──────── Provided data ────────
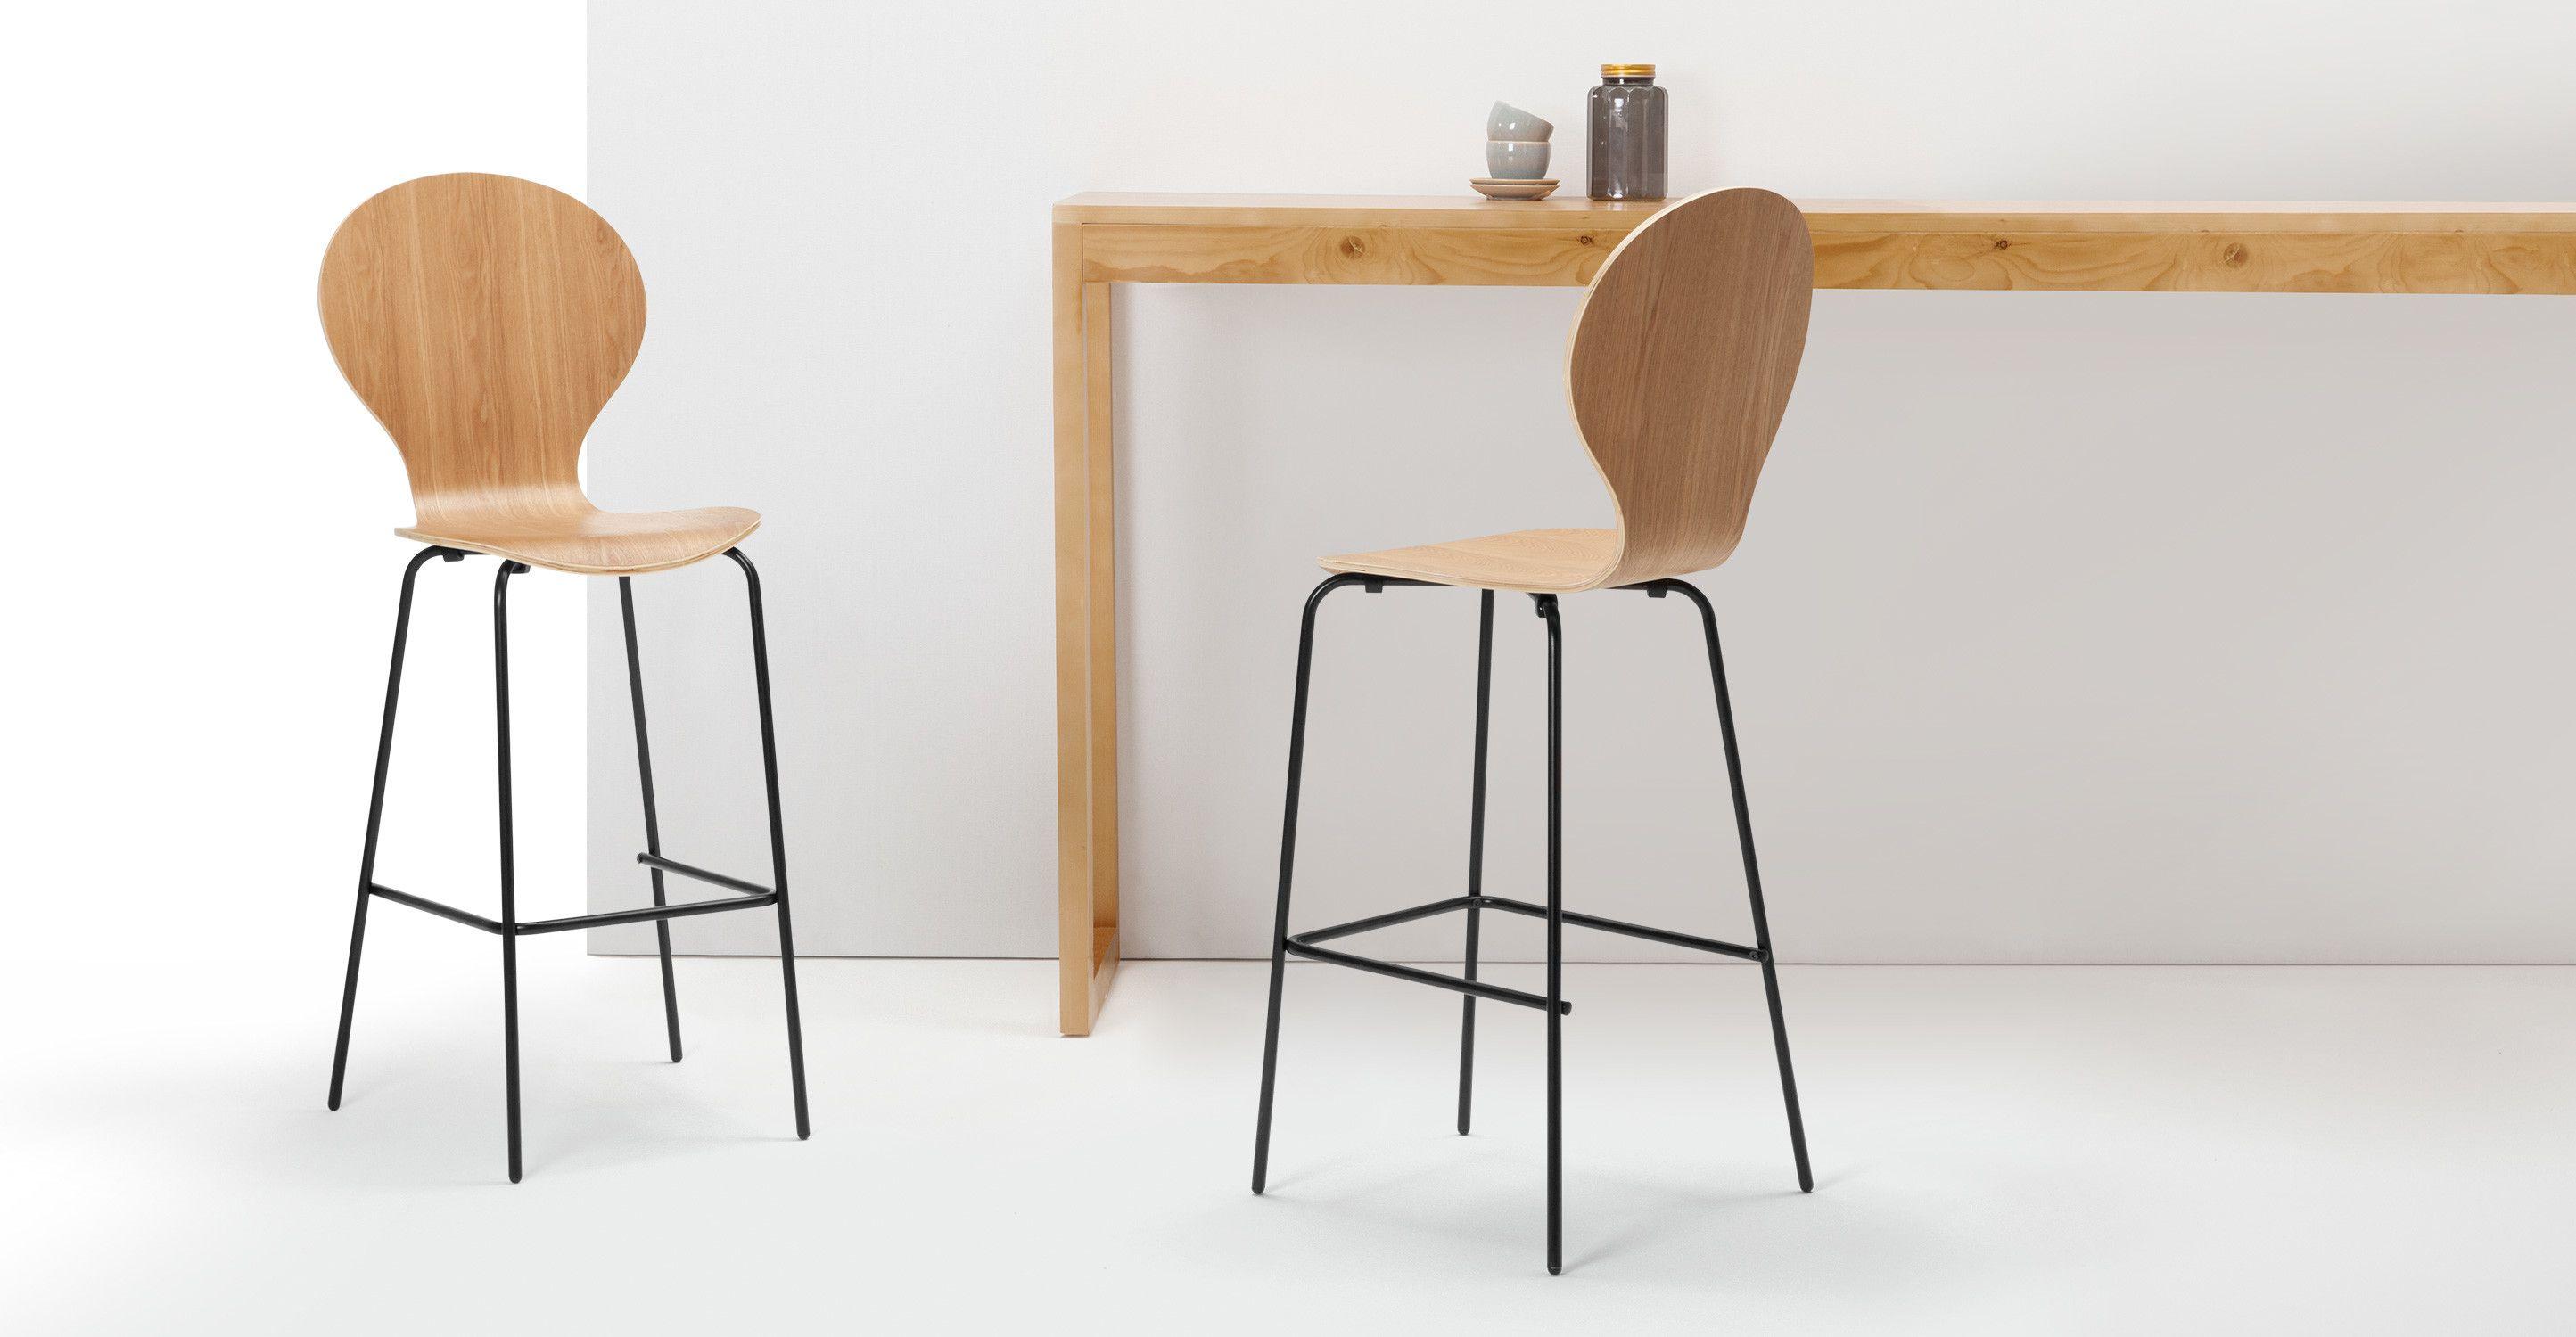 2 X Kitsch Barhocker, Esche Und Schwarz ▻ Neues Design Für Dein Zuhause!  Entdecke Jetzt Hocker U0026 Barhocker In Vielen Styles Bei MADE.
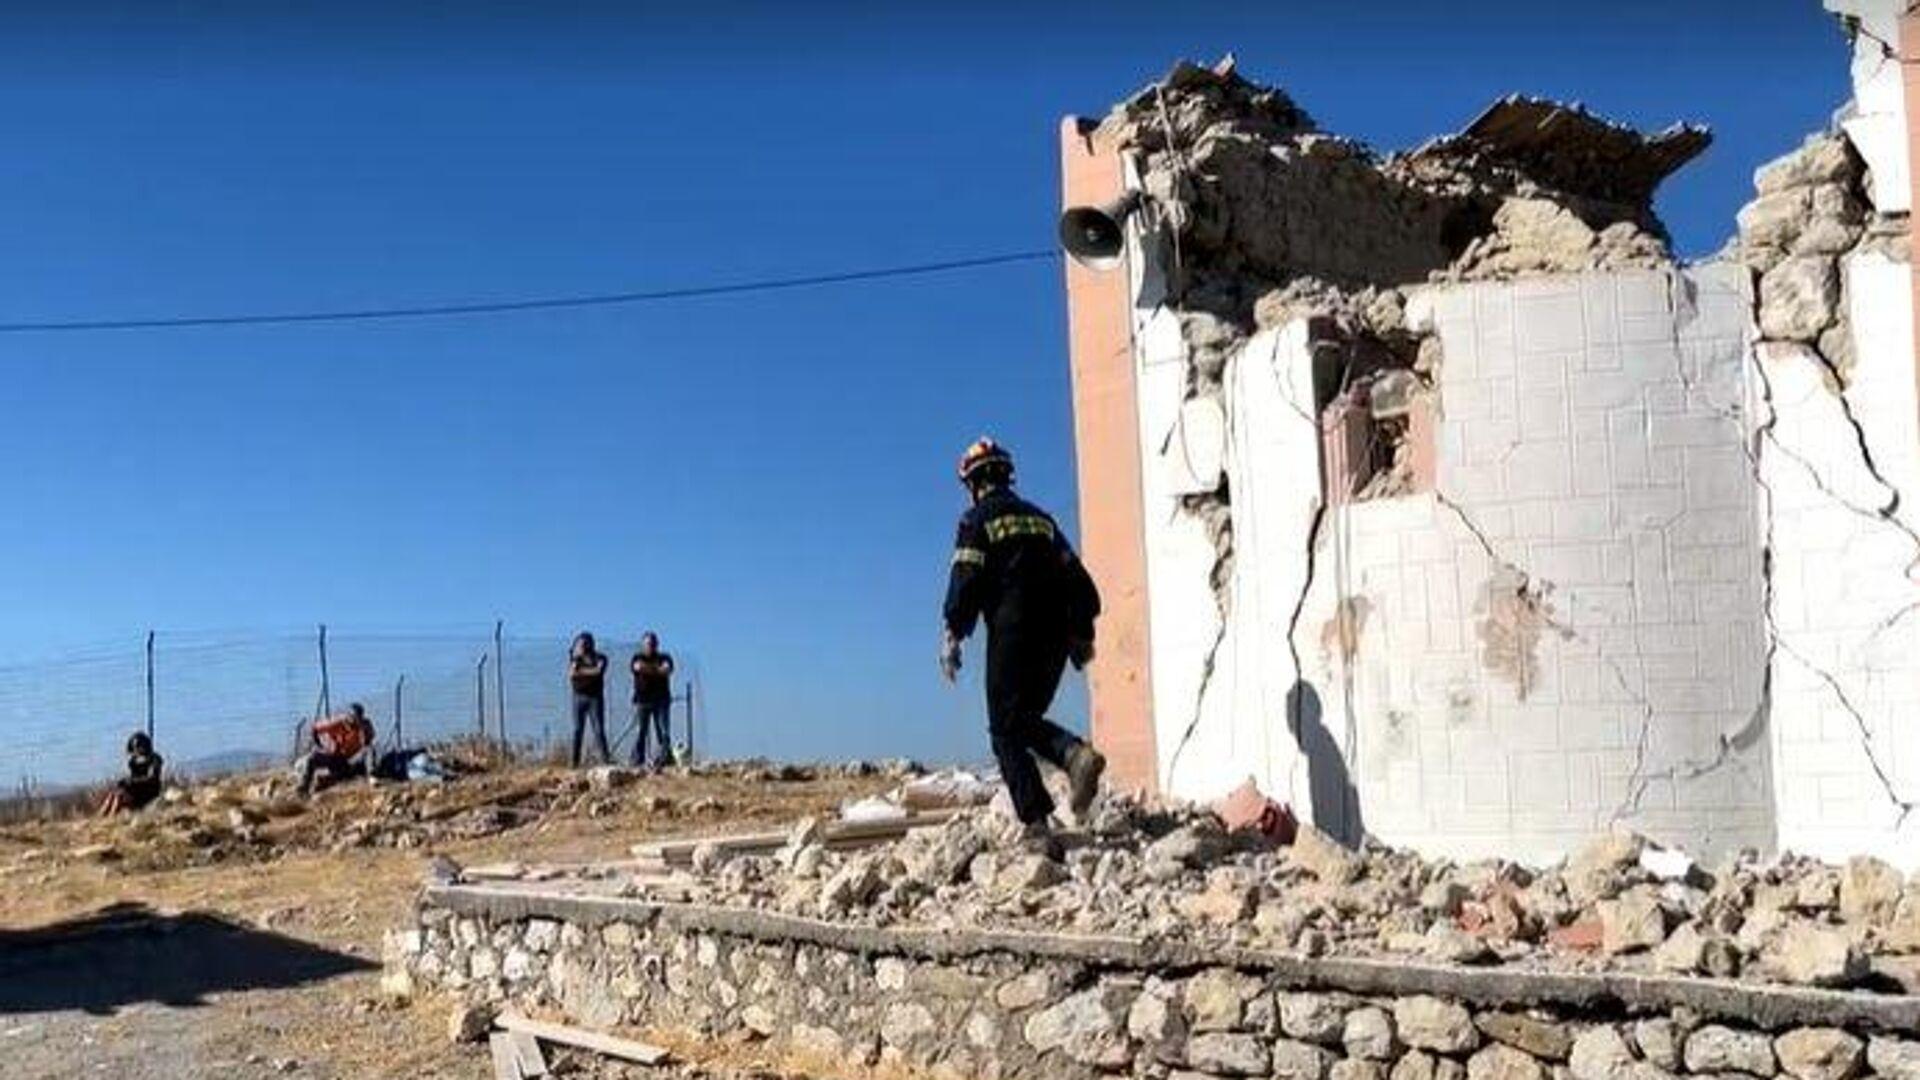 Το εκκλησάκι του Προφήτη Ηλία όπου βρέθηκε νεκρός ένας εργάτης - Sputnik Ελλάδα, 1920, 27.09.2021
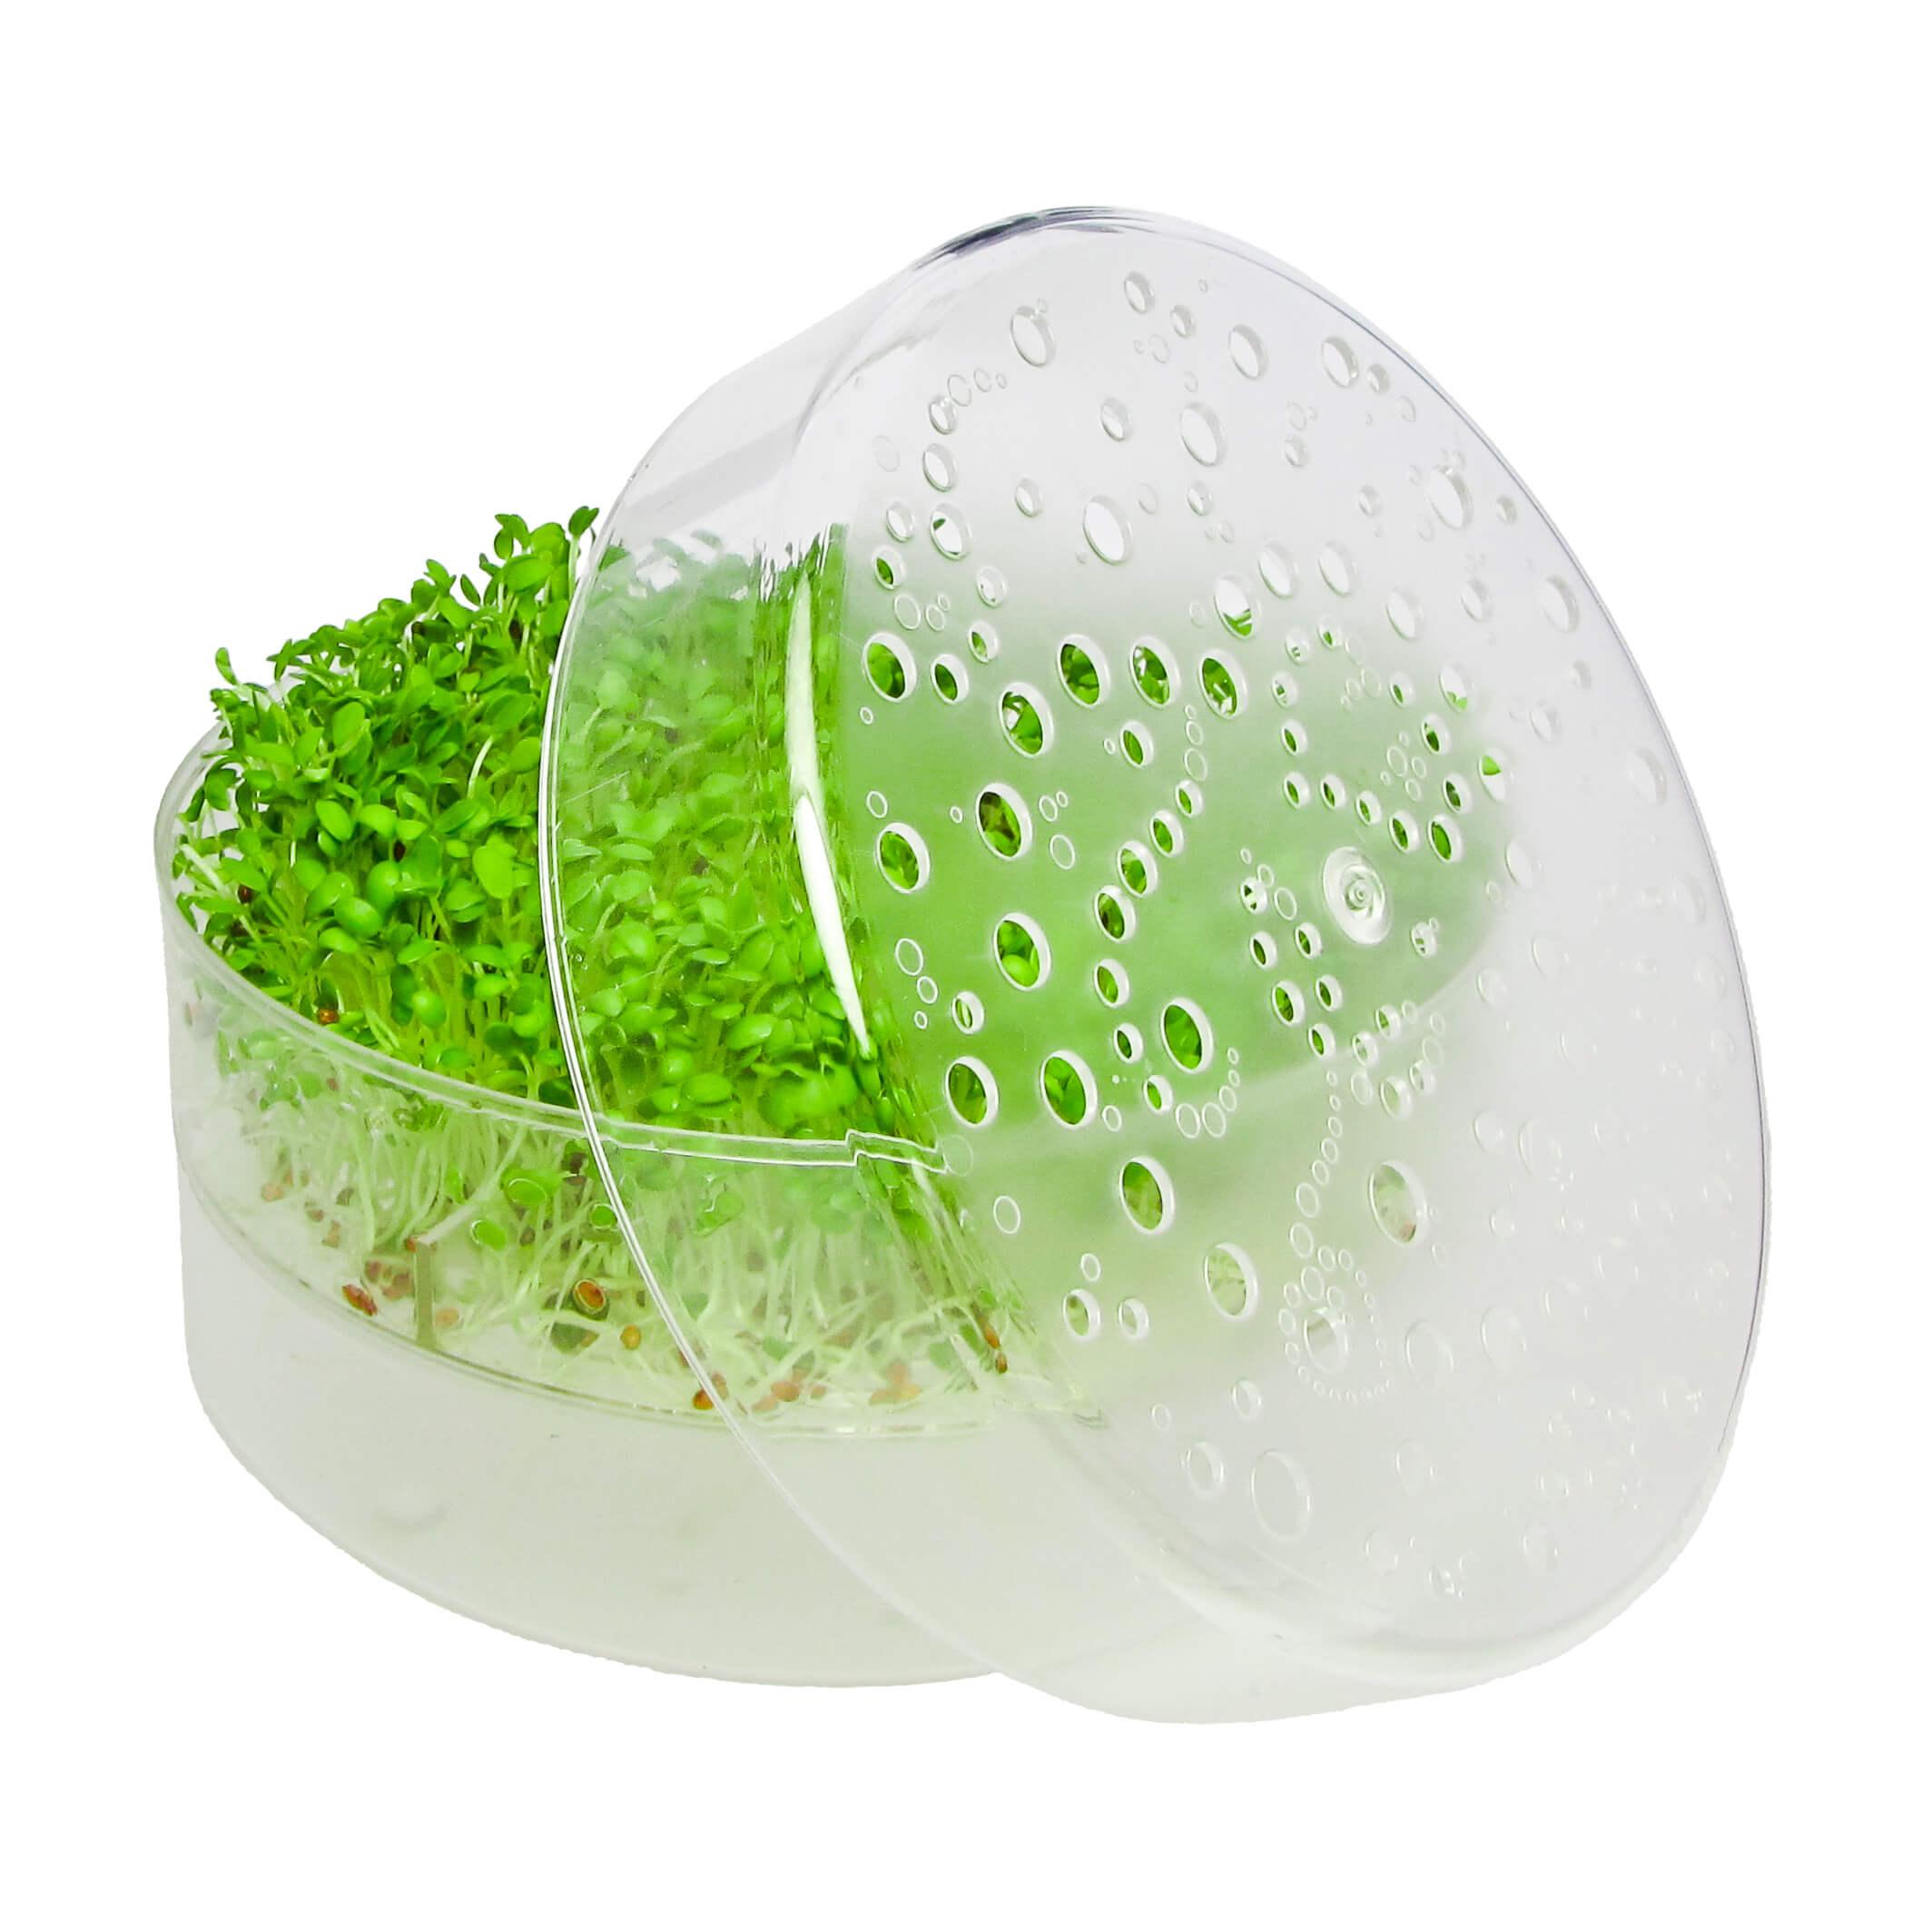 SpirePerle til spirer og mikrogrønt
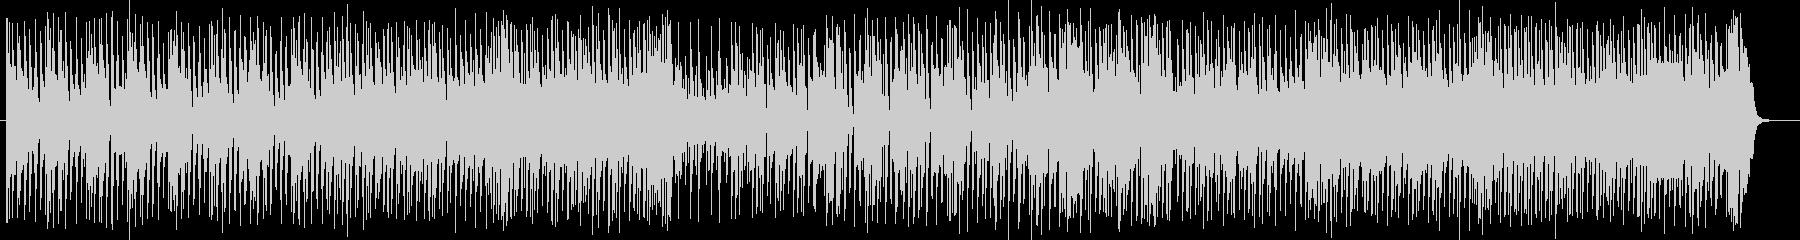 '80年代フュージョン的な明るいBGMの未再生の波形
────────
Exercise requirements
Only the lines from the top of the data through the line with "Το εκκλησάκι του" should be quoted, exactly and with both ends kept; skip the pictures.

Written answer
 2 X Kitsch Barhocker, Esche Und Schwarz ▻ Neues Design Für Dein Zuhause!  Entdecke Jetzt Hocker U0026 Barhocker In Vielen Styles Bei MADE.
 Το εκκλησάκι του Προφήτη Ηλία όπου βρέθηκε νεκρός ένας εργάτης - Sputnik Ελλάδα, 1920, 27.09.2021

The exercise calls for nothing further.